__Data for this exercise__:
· · ·
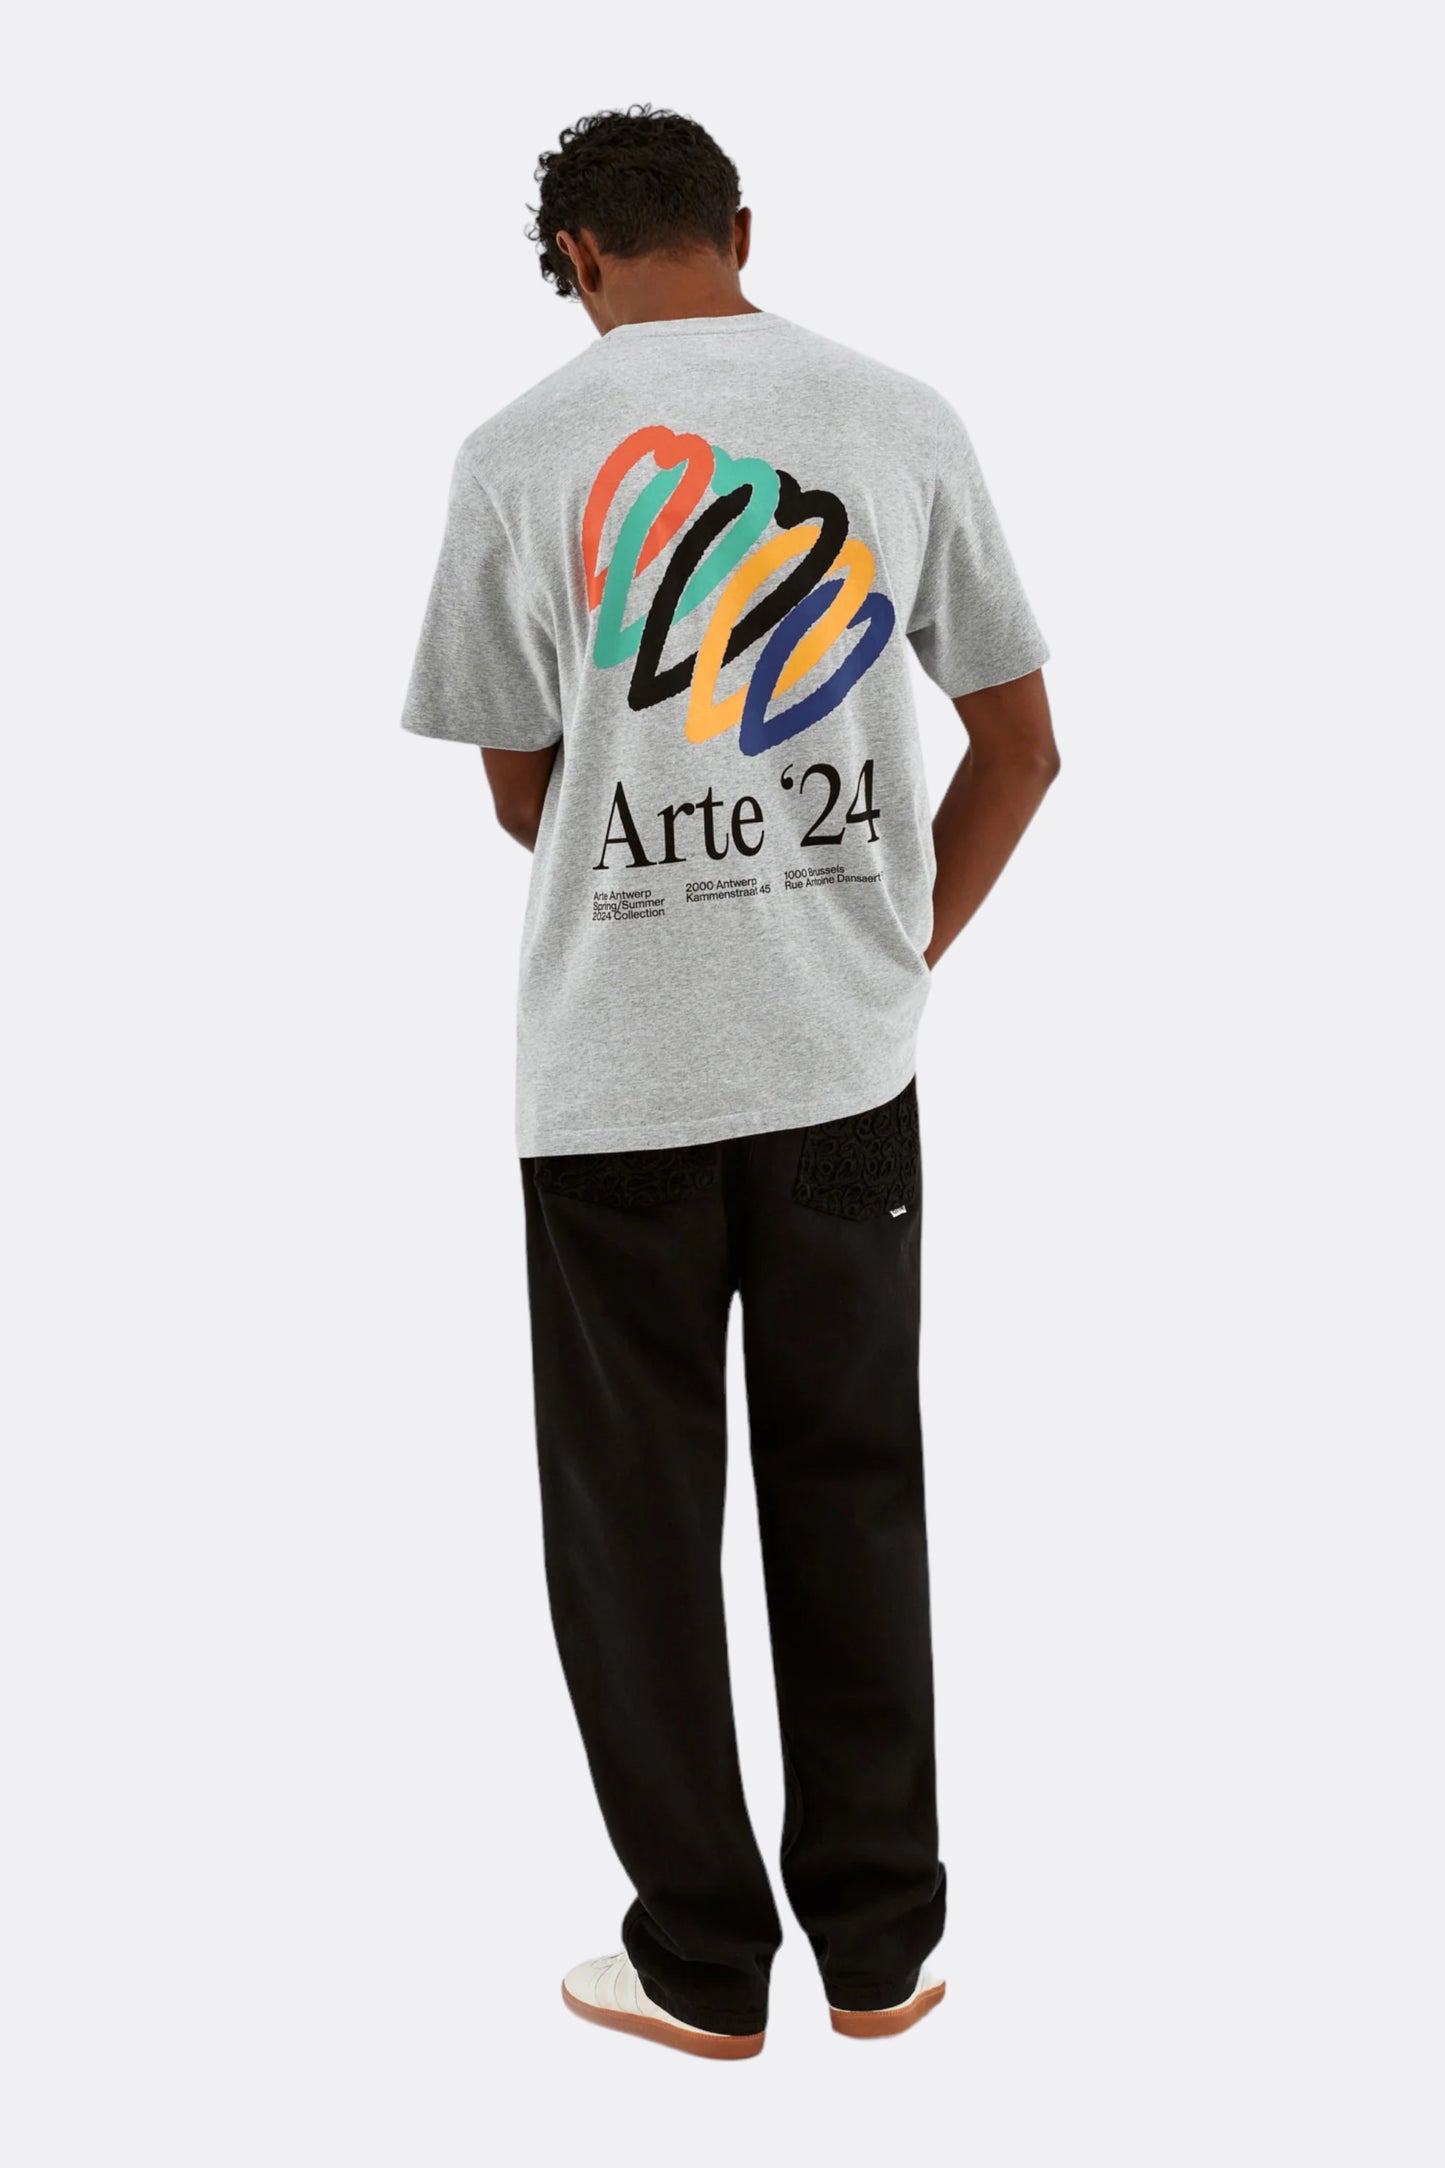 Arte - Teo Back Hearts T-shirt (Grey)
· · ·
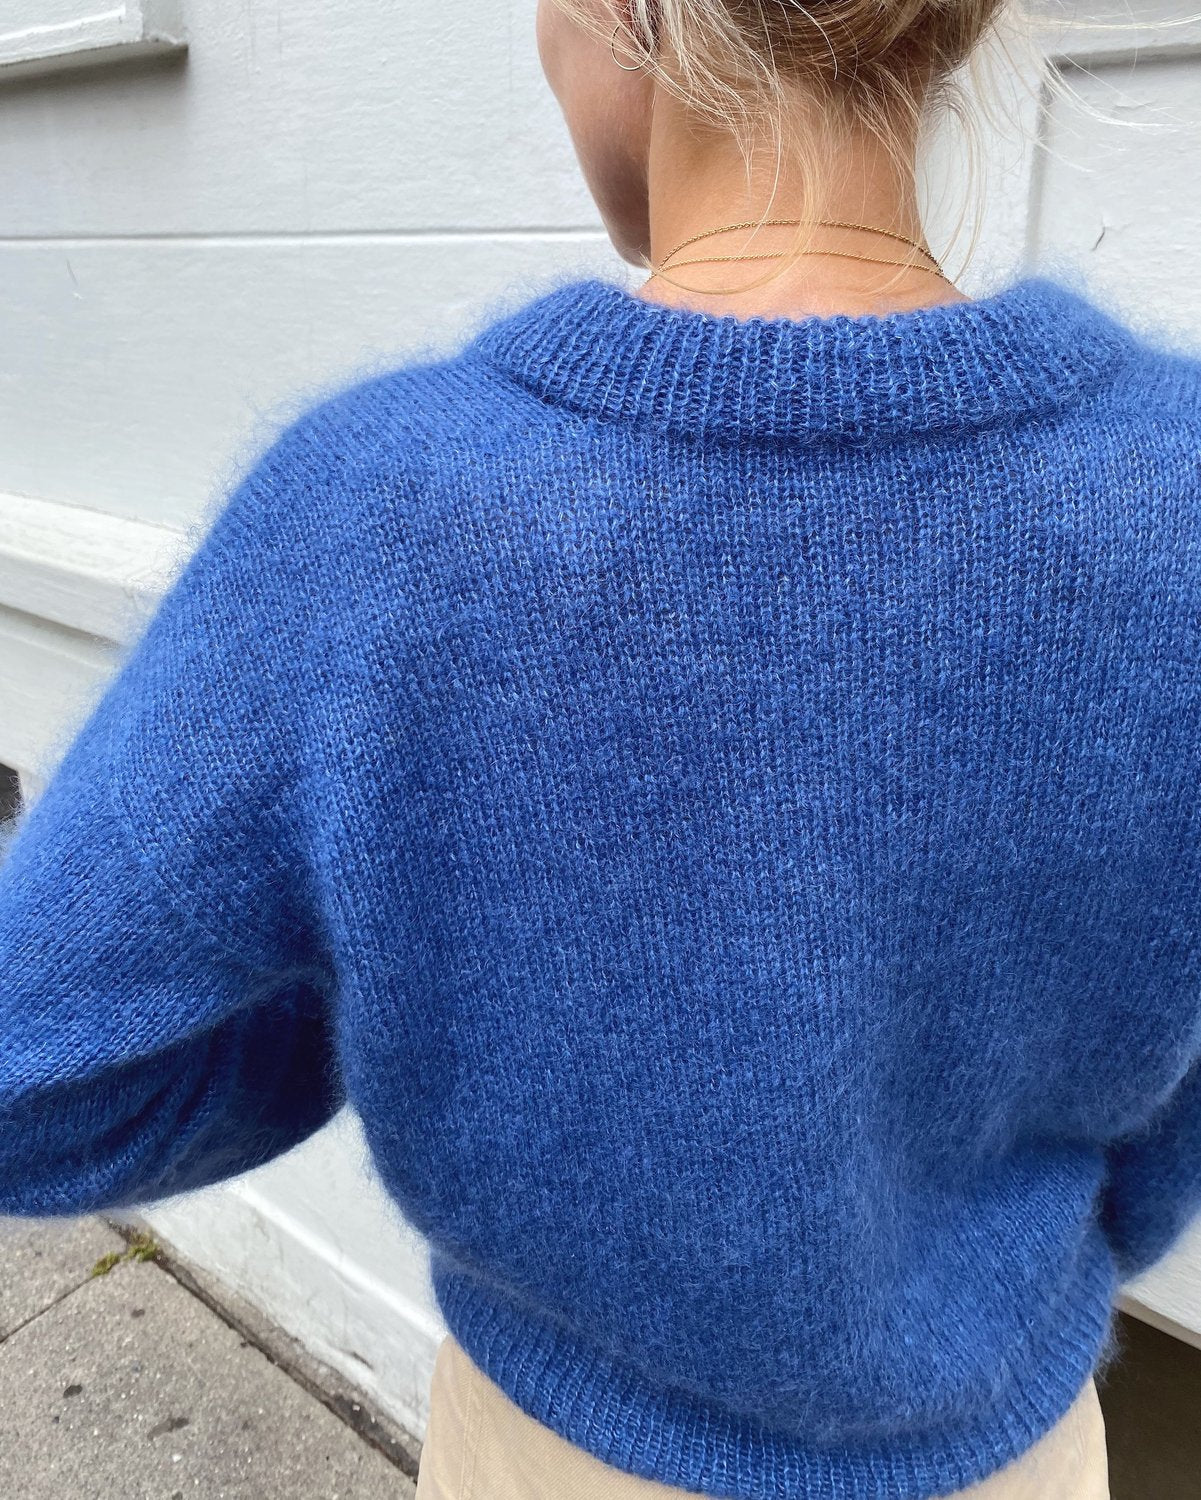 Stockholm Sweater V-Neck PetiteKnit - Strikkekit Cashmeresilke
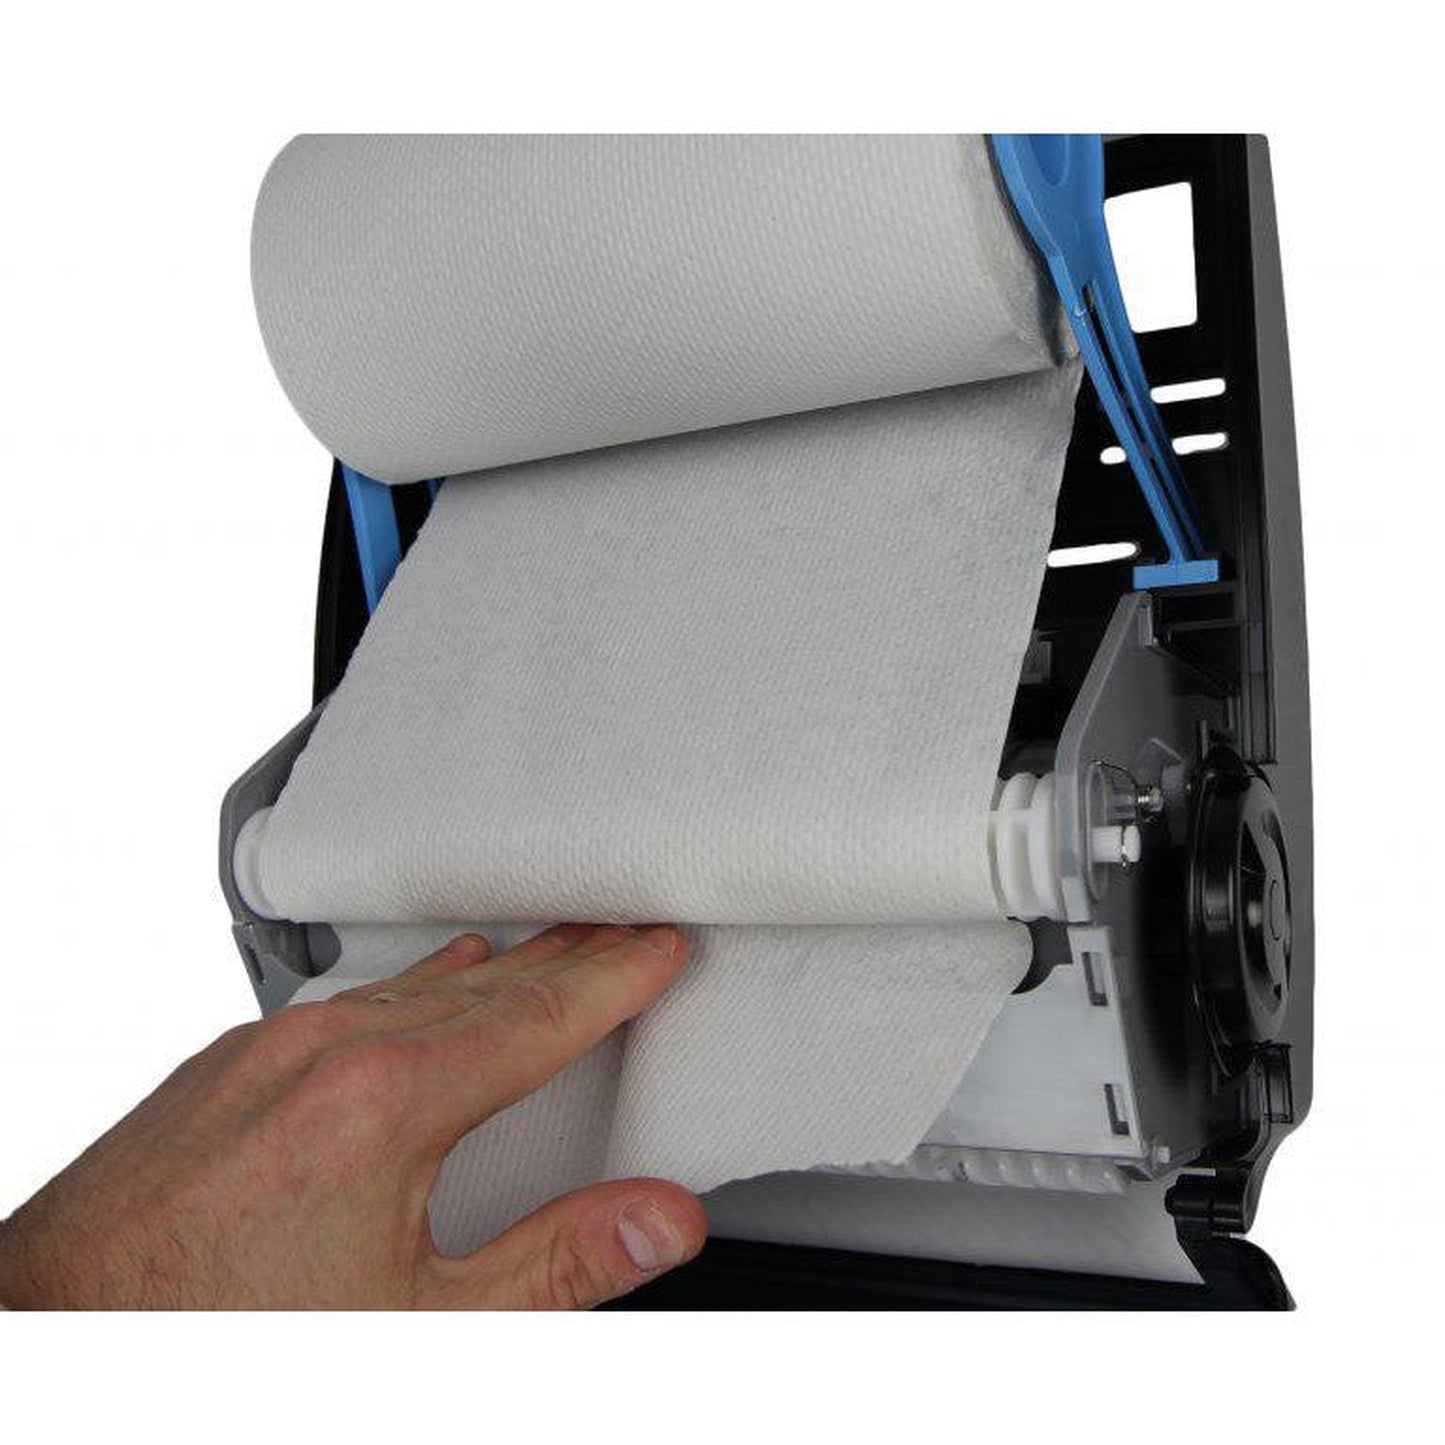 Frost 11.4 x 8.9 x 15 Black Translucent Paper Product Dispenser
· · ·
__Problem statement__:
When you reach the line holding "Stockholm Sweater V-Neck" in the listing above, begin retyping exactly, and stop once the line holding "Frost 11.4 x" is done; pictures stay out.

__Final answer__:
 Stockholm Sweater V-Neck PetiteKnit - Strikkekit Cashmeresilke
 Frost 11.4 x 8.9 x 15 Black Translucent Paper Product Dispenser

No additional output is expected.